## Exercise brief
Copy the records below exactly, leaving out every picture.

BEGIN Supplied material

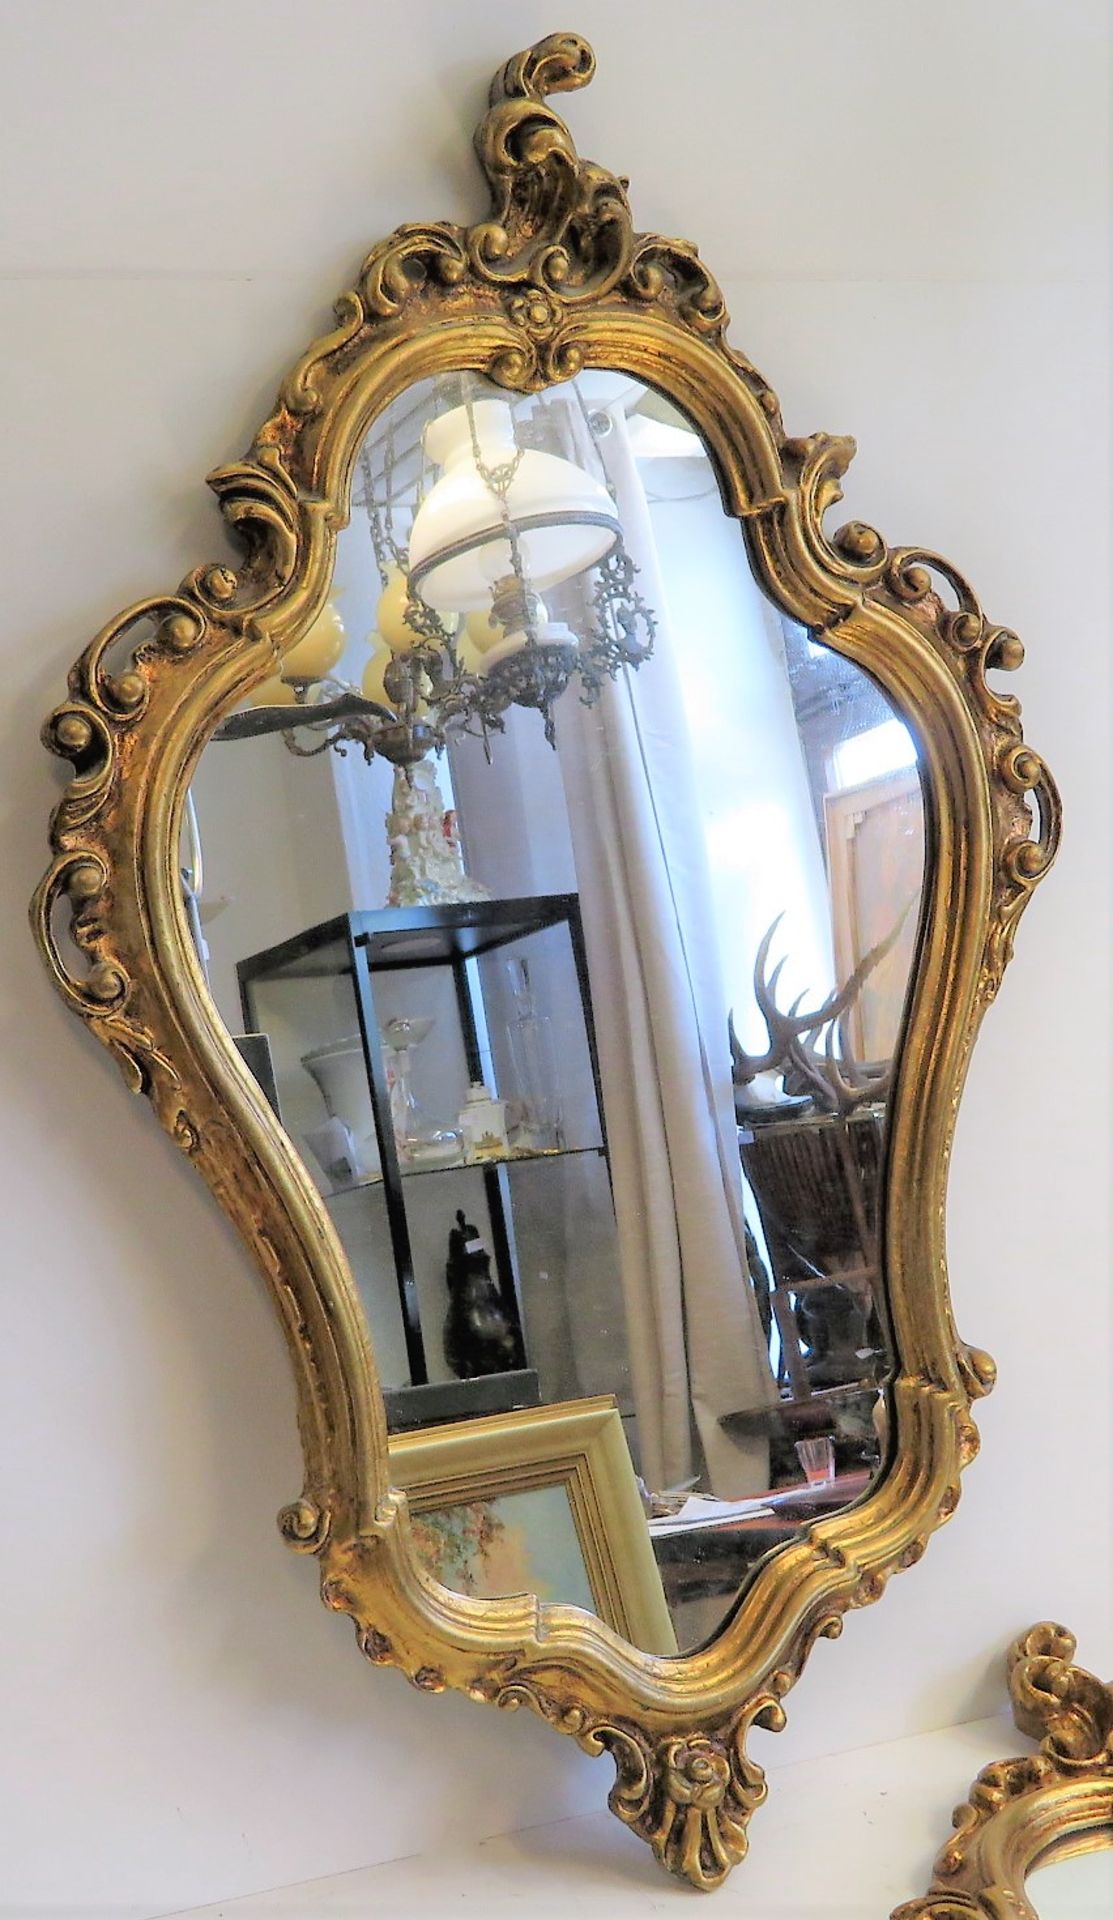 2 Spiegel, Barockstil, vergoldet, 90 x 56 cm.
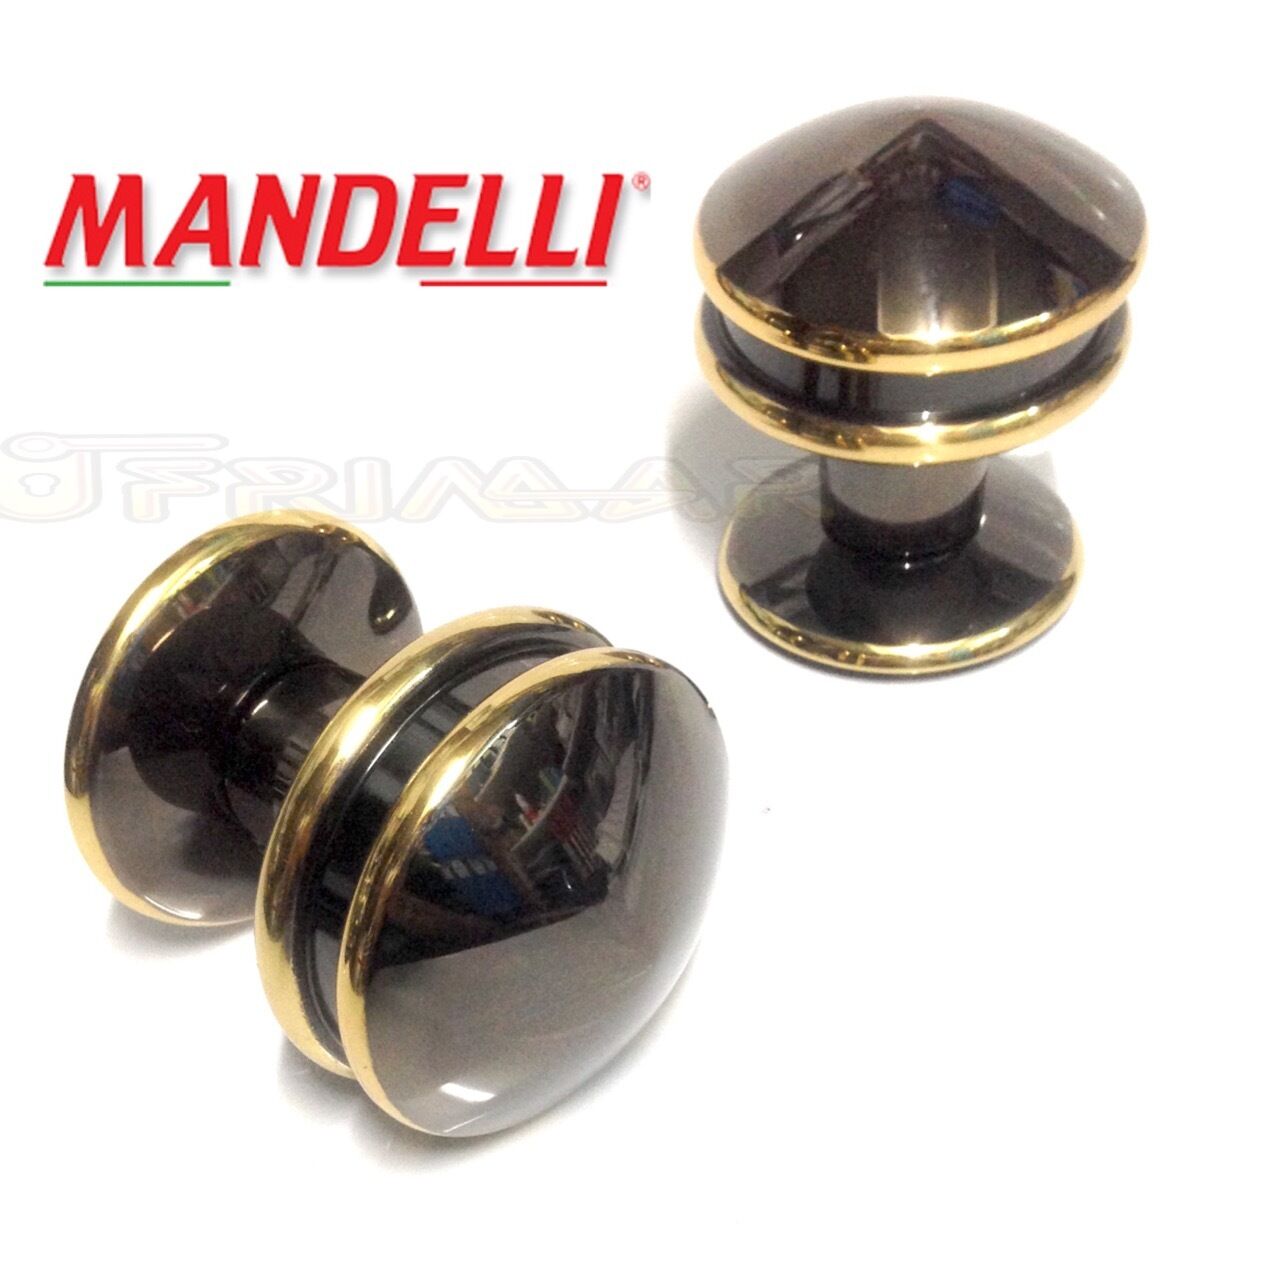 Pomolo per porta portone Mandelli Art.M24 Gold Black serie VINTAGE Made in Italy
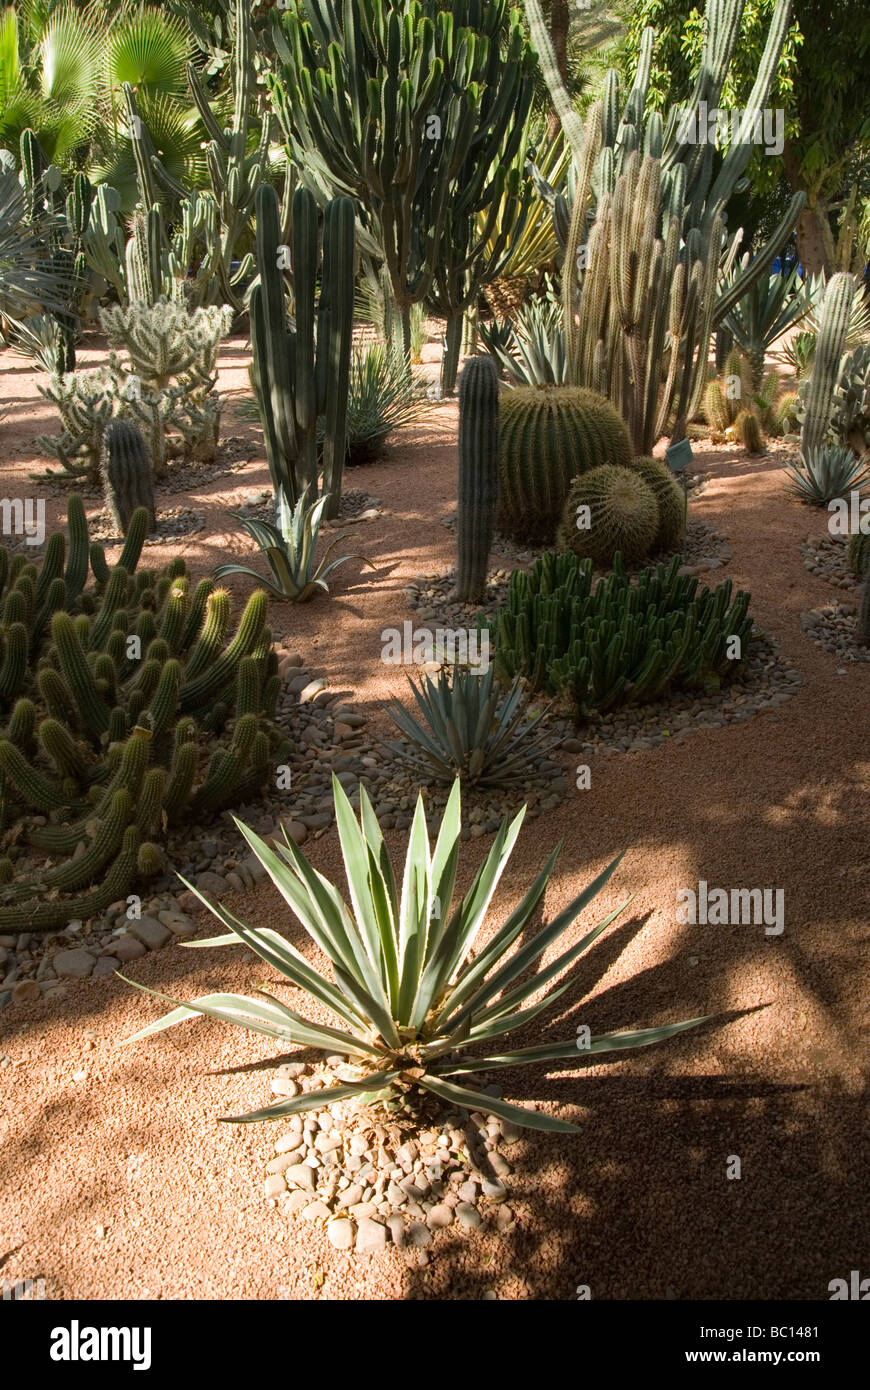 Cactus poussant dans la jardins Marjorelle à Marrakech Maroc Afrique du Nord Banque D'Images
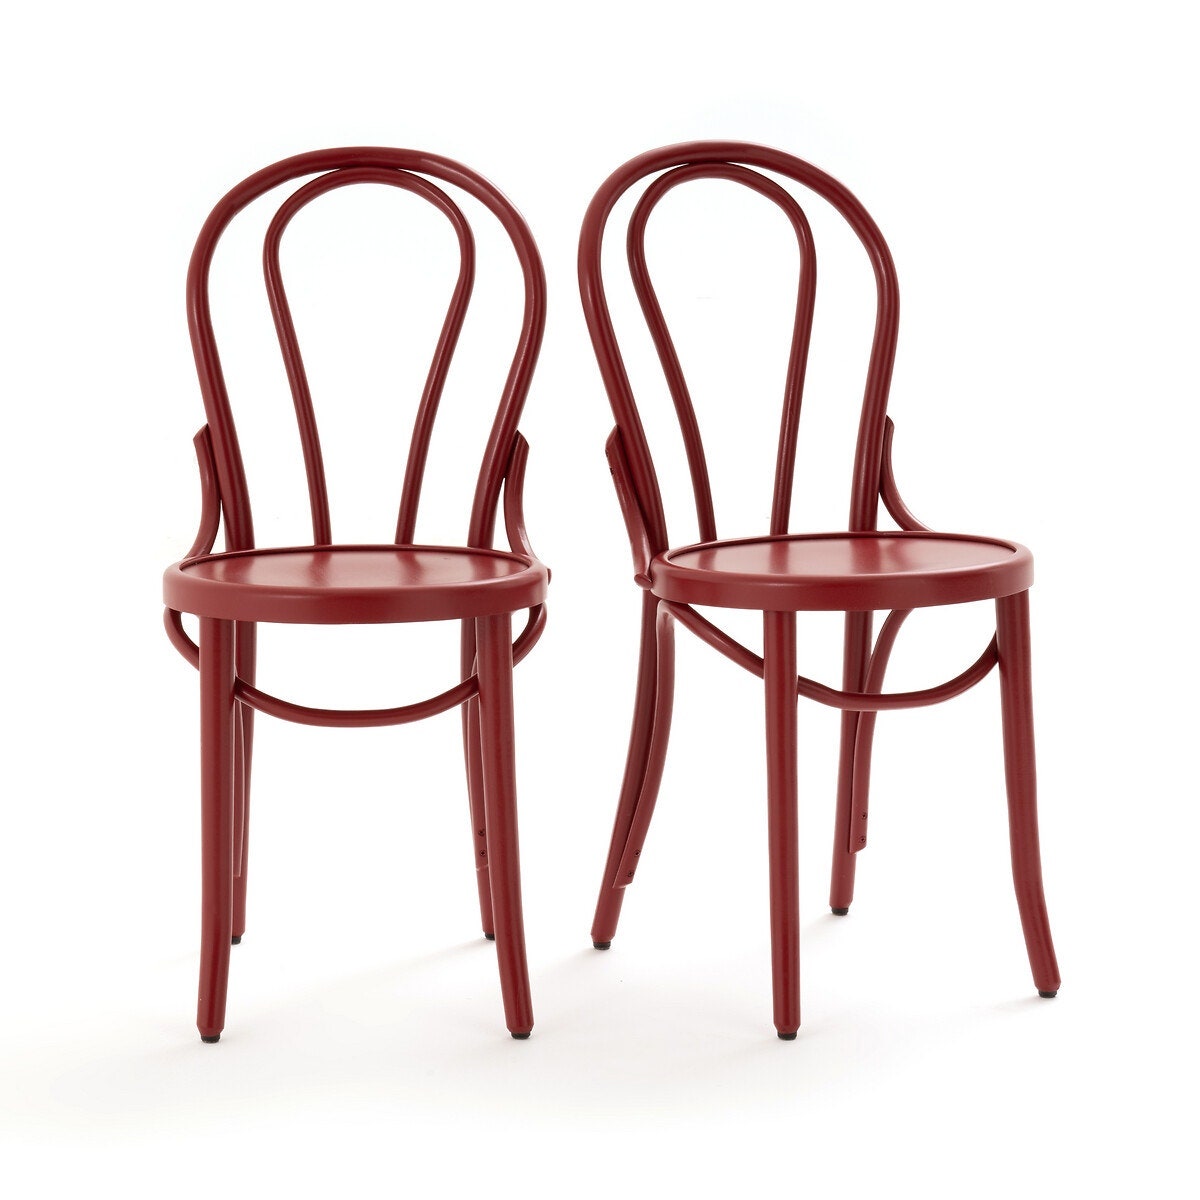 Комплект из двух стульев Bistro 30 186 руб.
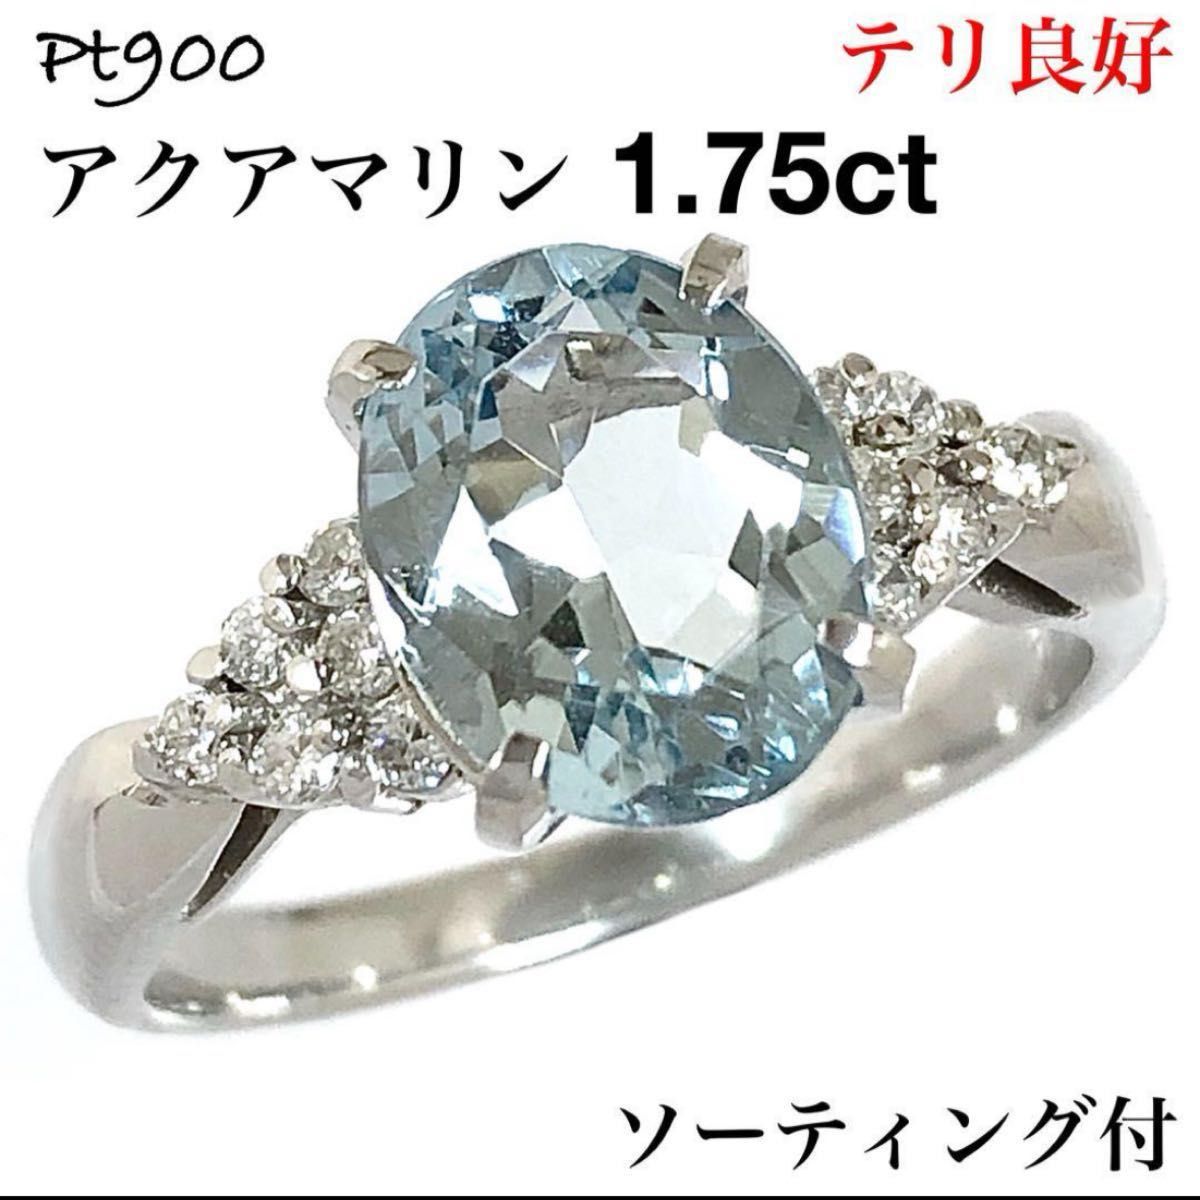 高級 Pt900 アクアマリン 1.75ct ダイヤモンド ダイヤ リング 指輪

END Supplied material

## Output for this task
 2 Spiegel, Barockstil, vergoldet, 90 x 56 cm.
 Pomolo per porta portone Mandelli Art.M24 Gold Black serie VINTAGE Made in Italy
 Cactus poussant dans la jardins Marjorelle à Marrakech Maroc Afrique du Nord Banque D'Images
 Комплект из двух стульев Bistro 30 186 руб.
 高級 Pt900 アクアマリン 1.75ct ダイヤモンド ダイヤ リング 指輪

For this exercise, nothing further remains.